Is Moral Hazard a Bug or a Feature?

- Big company, many factories, they insure
- Why? They shouldn't be risk averse
- Since they can spread the loss across their factories.

- Consider the employee running one factory without insurance
- He can spend nothing, have 3% chance of a fire
- Or spend $100,000, have 1%--and make $100,000 less/year for the company
- Which is it in his interest to do?

- Insure the factory to transfer cost to insurance company
- Which then insists on a sprinkler system
- Makes other rules
- Is more competent than the company to prevent the fire!

Put Incentive Where It Does the Most Good

- Insurance transfers loss from owner to the insurance company
- Sometimes the owner is the one best able to prevent the loss
- In which case moral hazard is a cost of insurance
- To be weighed against risk spreading gain

- Sometimes the insurance company is best able
- In which case “moral hazard” is the objective
- Sears knows more about getting their washing machines fixed than I do
- So I buy a service contract to transfer the decision to them

- Sometimes each party has precutions it is best at
- So coinsurance--say 50%--gives each an incentive to take
- Those precautions that have a high payoff

Health Insurance

- If intended as risk spreading
- Should be a large deductible
- So I pay for all minor things
- Giving me an incentive to keep costs down
- Since I am paying them

- But cover virtually 100% of rare high ticket items
- If my life is at stake, I want it
- But I don’t want to risk paying even 10% of a million dollar procedure

- But maybe it’s intended
- To transfer to the insurance company
- The incentive to find me a good doctor
- Negotiate a good price

- Robin Hanson’s version
- I decide how much my life is worth
- I buy that much life insurance, from a company that also
- Makes and pays for my medical decisions
- And now has the right incentive to keep me alive

Adverse Selection

- The problem: The market for lemons
- Assumptions
- Used car in good condition worth $10,000 to buyer, $8000 to seller
- Lemon worth $5,000, $4,000
- Half the cars are creampuffs, half lemons

- First try:
- Buyers figure average used car is worth $7,500 to them, $6,000 to seller, so offer something in between
- What happens?

- What is the final result?

- Assumptions
- How might you avoid this problem—due to asymmetric information
- Make the information symmetric—inspect the car.
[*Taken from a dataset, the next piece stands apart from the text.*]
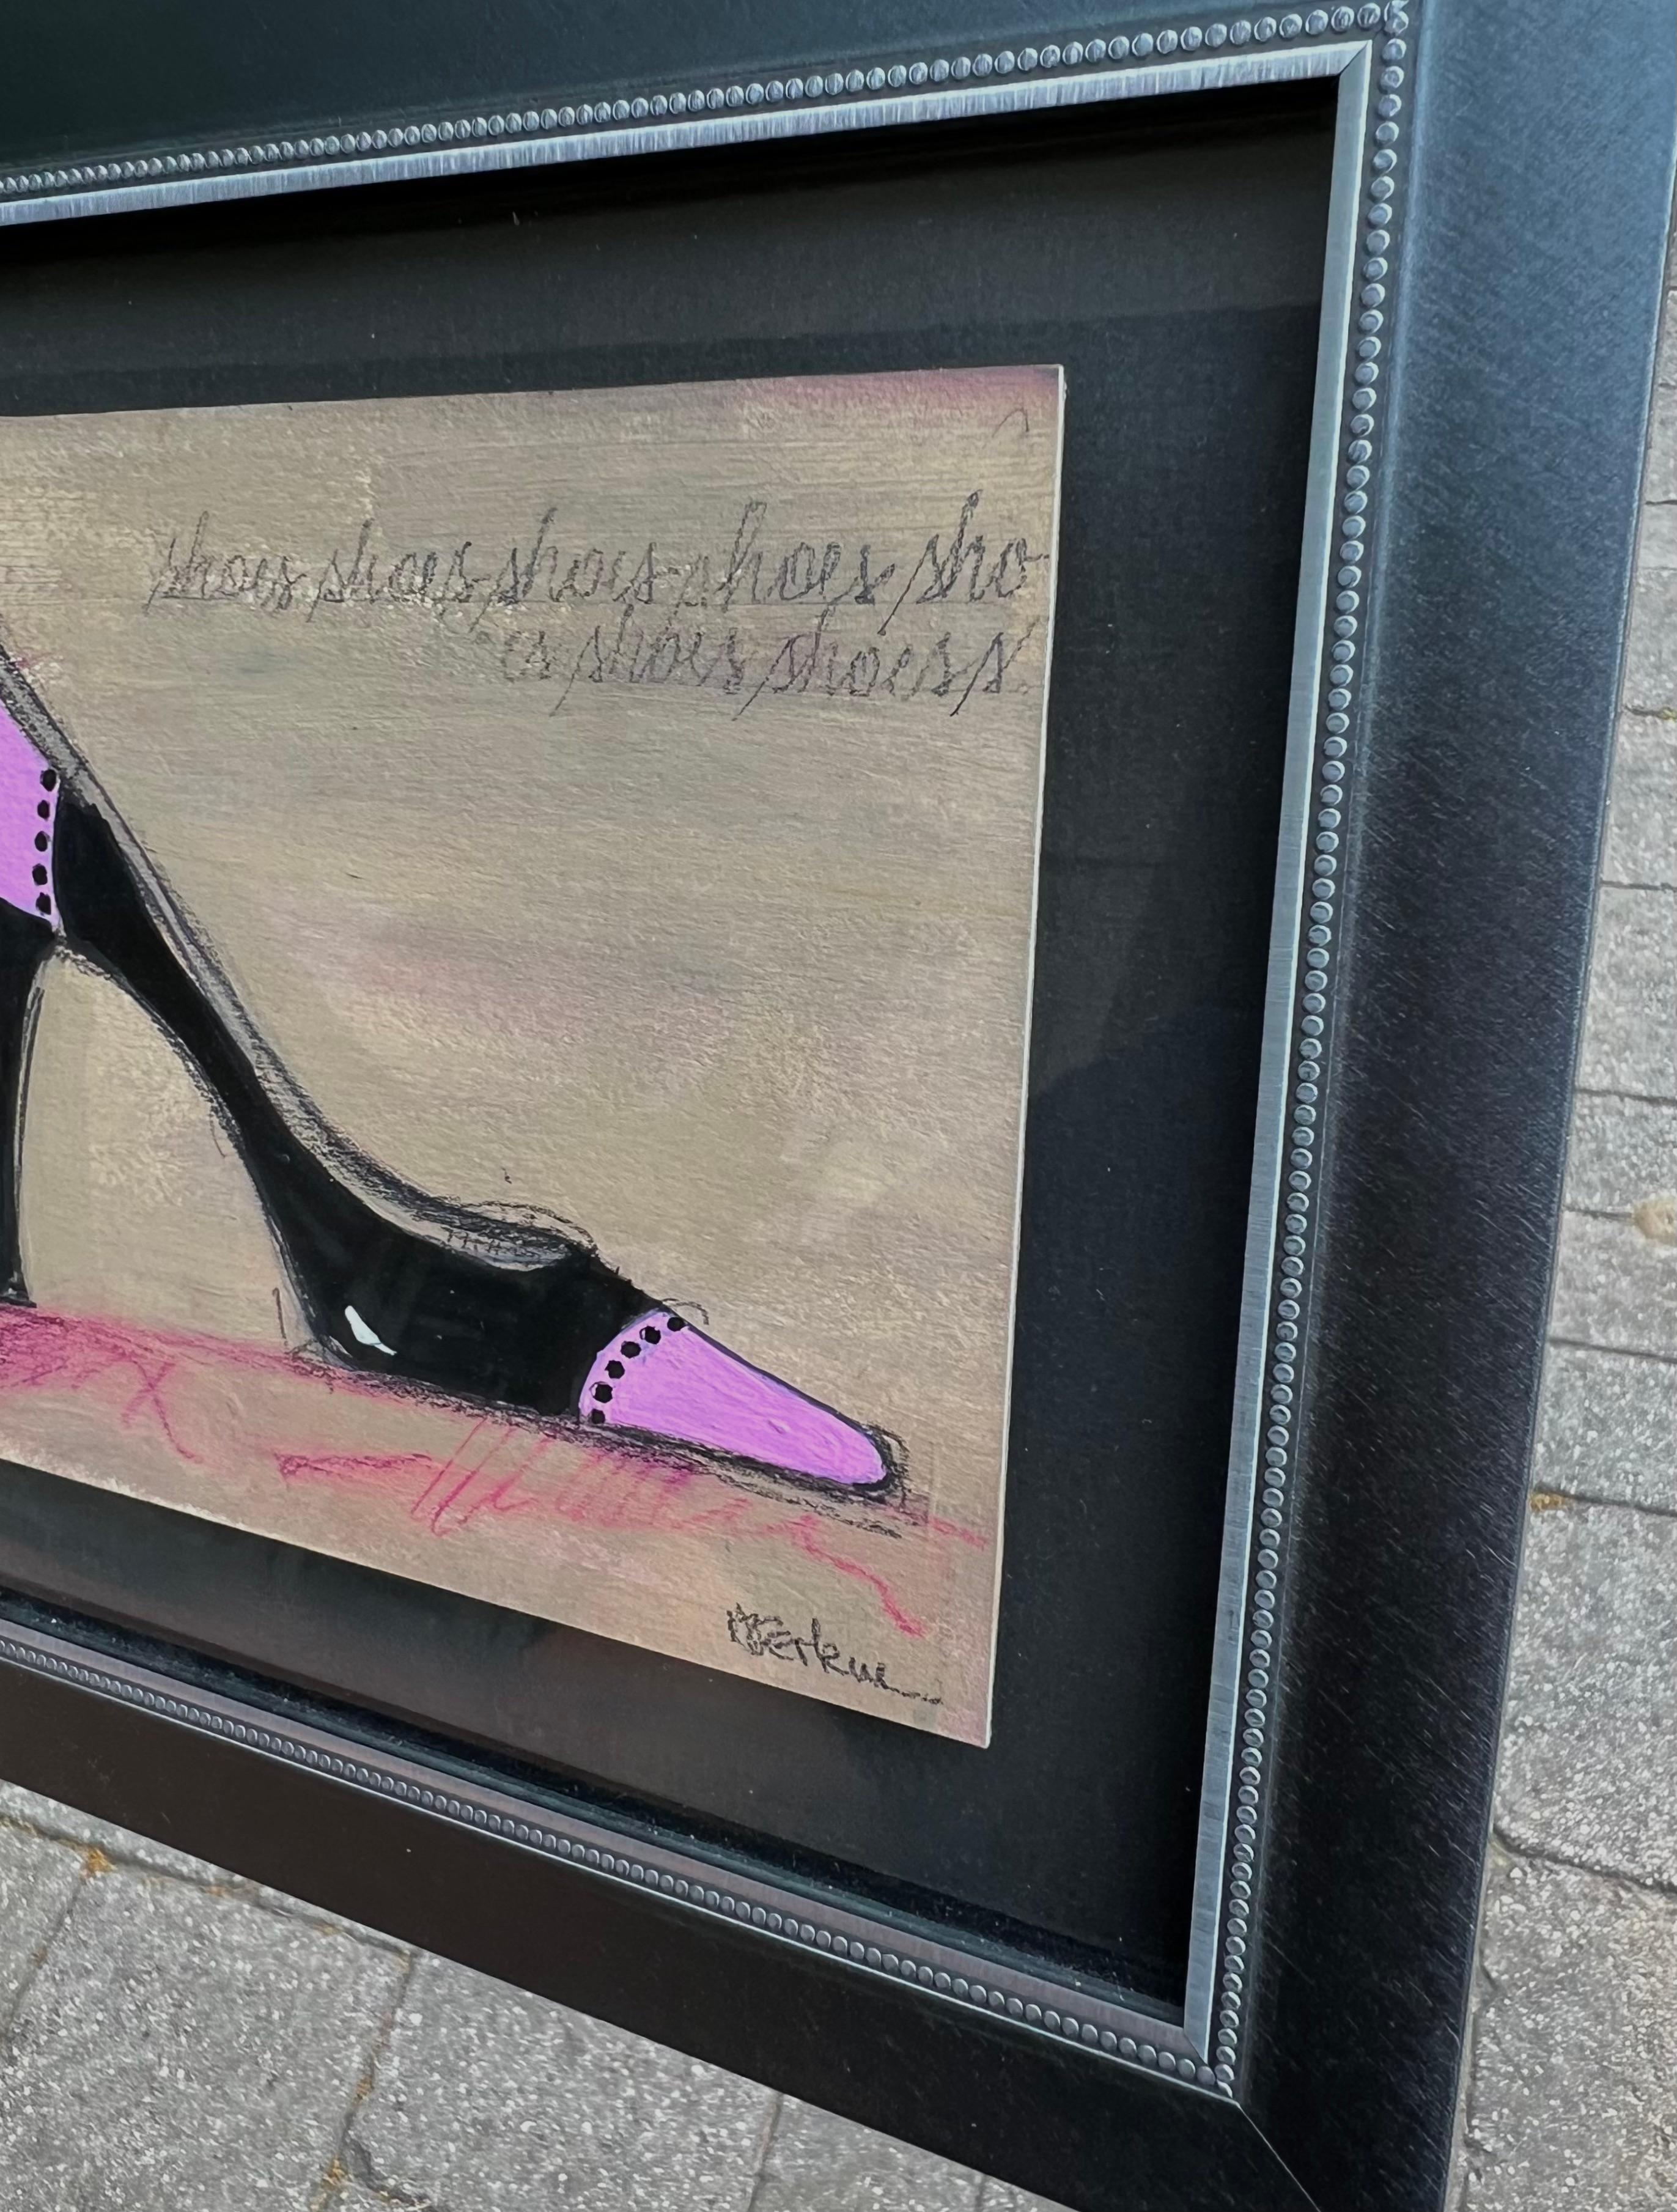 I Love Shoes - 1 - (8.25”x9.25”, Framed Black And Pink Shoe, Original Artwork) For Sale 7

Or …
- Transfer the risk to the party with the information—seller insures the car

- What problems does the latter solution raise?

Plea Bargaining

- A student raised the following question:
- Suppose we include adverse selection in our analysis of plea bargaining
- What does the D.A. signal by offering a deal?
- What does the defendant signal by accepting?
- Which subset of defendants end up going to trial?

Why insurance matters?

- Most of you won’t be working for insurance companies
- Or even negotiating contracts with them
- But the analysis of insurance will be important
- Almost any contract is in part insurance
- Do you pay salesmen by the month or by the sale?
- Is your house built for a fixed price, or cost+?
- Do you take the case for a fixed price, contingency fee, or hourly charge?